Fiche pratique

Suivez l'expérience de votre utilisateur du point de vue du Job (J2BD) plutôt que du point de vue de votre produit pour trouver d'autres opportunités :

  • En rendant les choses possibles : découvrez ce qui est fait en dehors de votre application et qui gagnerait à y être inclus.
  • En rendant les choses faciles : listez les inefficiences, les pertes de temps et les difficultés rencontrées.
  • En rendant les choses simples : imaginez comment simplifier, automatiser et abstraire les problèmes au point de les faire disparaître.

Dans cet article je vous présente un autre angle de vue pour réfléchir à votre produit et vous permettre d'alimenter votre continuous discovery en opportunités à qualifier : le Job.

On va parler de Job 2 Be Done (J2BD) et de Lean, et comment ça peut nous aider à découvrir des nouvelles idées.

Note : ces conseils sont orientés B2B, ils peuvent ne pas s'appliquer dans un autre contexte.

Le Job pour se détacher du produit

C'est un peu compliqué d'avoir une définition précise du Job. Il y a même deux teams en compétition pour dire qu'ils ont inventé le J2BD, avec bien sûr des définitions légèrement différentes.

L'idée principale du Job, c'est que c'est quelque chose que l'utilisateur cherche à accomplir, et il va se servir de votre produit pour y arriver.
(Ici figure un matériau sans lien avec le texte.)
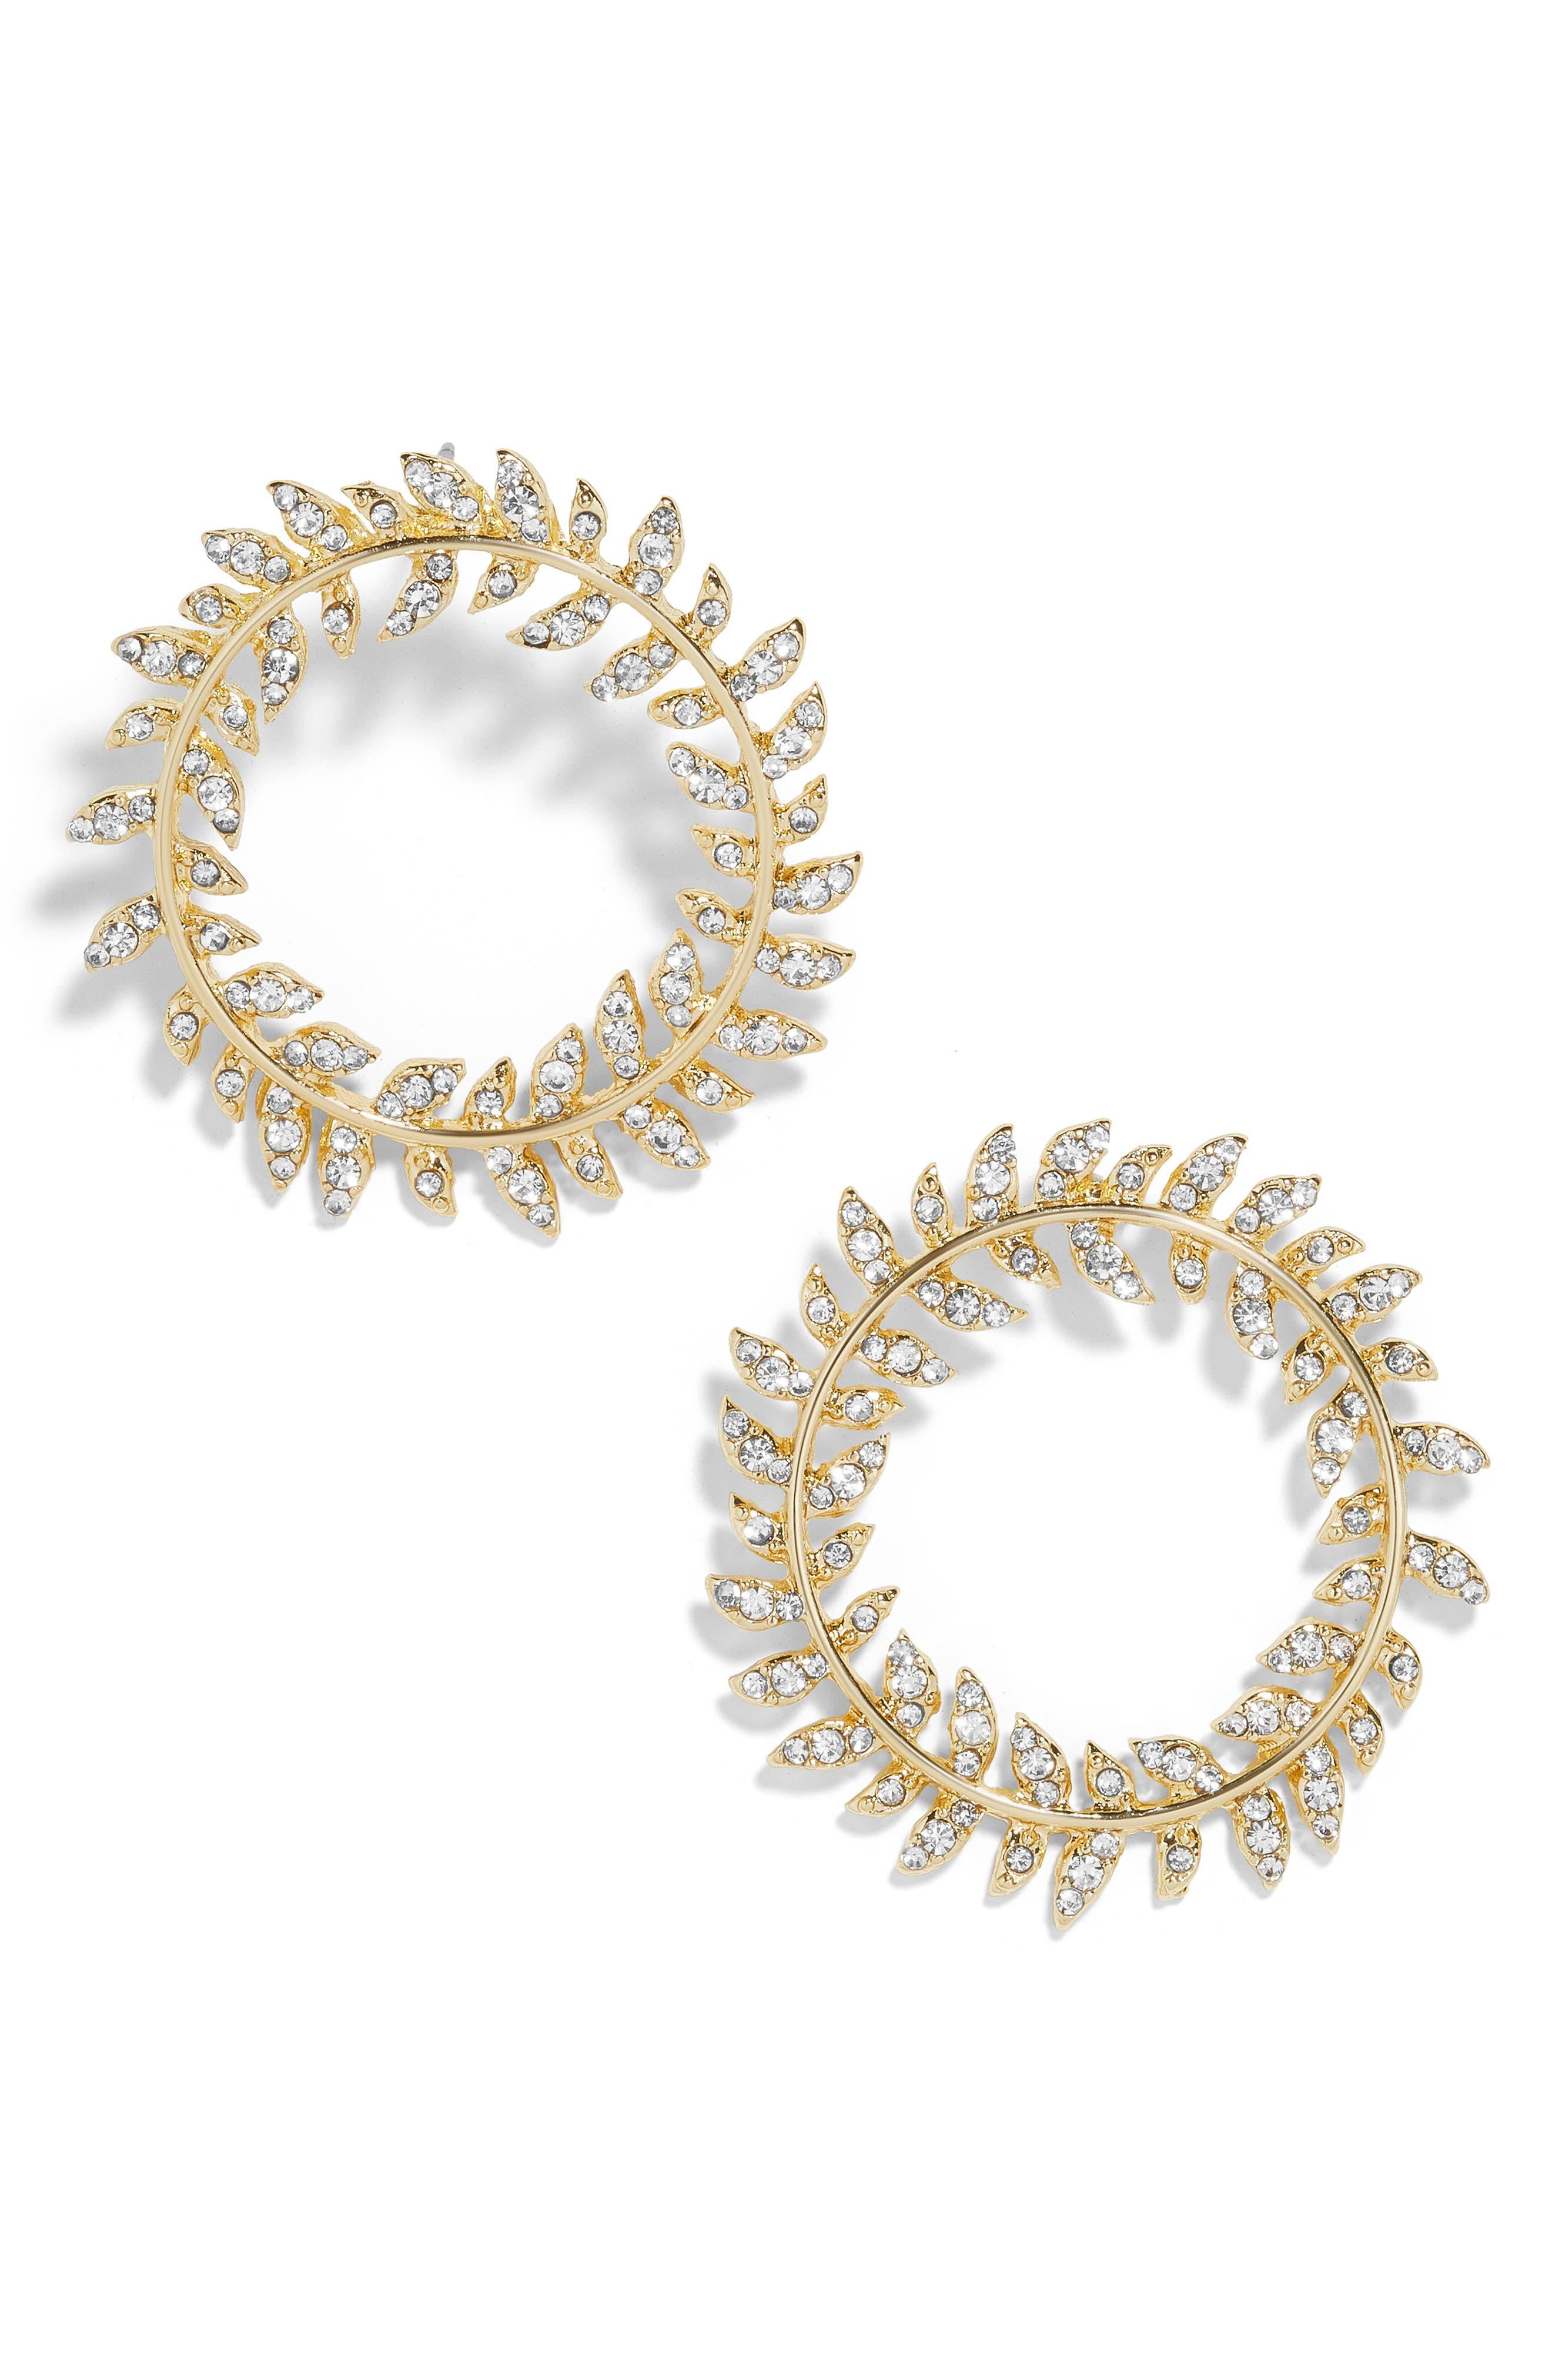 BAUBLEBAR, Protea Hoop Earrings, Main thumbnail 1, color, 710

Finalement, il se moque de votre produit, seul le résultat importe.

Attention : Une tâche à accomplir dans un outil n'est pas un job. Par exemple, un utilisateur ne va pas acheter un outil pour "remplir le formulaire".

Dans cet article, on va se dire que le job c'est :

  • une activité que doit ou souhaite faire l'utilisateur,
  • de taille variable,
  • avec un début et une fin,
  • un objectif
  • et un moyen de savoir s'il a réussi ou non.

Les Jobs peuvent être imbriqués les uns dans les autres, comme des poupées russes.

Votre produit en entier peut couvrir intégralement plusieurs jobs, ou seulement une étape d'un seul job.

Souvent, dans la littérature sur les J2BD, les jobs sont des jobs "high level" utilisés comme positionnement stratégique pour l'entreprise entière. Mais ici on va plutôt parler des jobs et sous-jobs au niveau des features, pour se donner un point de vue détaché du produit existant et probablement découvrir de nombreuses opportunités.

Axe d'exploration 1 : Rendre les choses possibles

L'idée de ce premier axe, c'est de suivre le parcours du point de vue du job et de voir quels éléments ne sont pas encore possibles en ligne. Ce sont autant de pistes pour étendre votre produit.

Le job en détail

On peut découper le job en étapes (source : Tony Ulwick), selon les actions entreprises par l'utilisateur avant (Define, Locate, Prepare, Confirm), pendant (Execute) et après (Monitor, Modify, Conclude) le déroulement du job. :

Ces étapes sont comme une checklist de situations à prendre en compte quand on reconstitue le parcours d'un job.

On ignore souvent les étapes avant l'exécution, mais il se passe pas mal de choses à cet endroit : comprendre ce qu'on s'apprête à faire et s'y préparer, s'assurer qu'on est prêts. Plus le job est important ou plus il y a d'enjeux et plus ces étapes préalables seront intéressantes à explorer.
Si, par exemple, vous allez contracter un emprunt, vous allez devoir vous assurer d'avoir bien tous les documents avant de vous déplacer, ce qui veut dire obtenir la liste de ces documents et les retrouver.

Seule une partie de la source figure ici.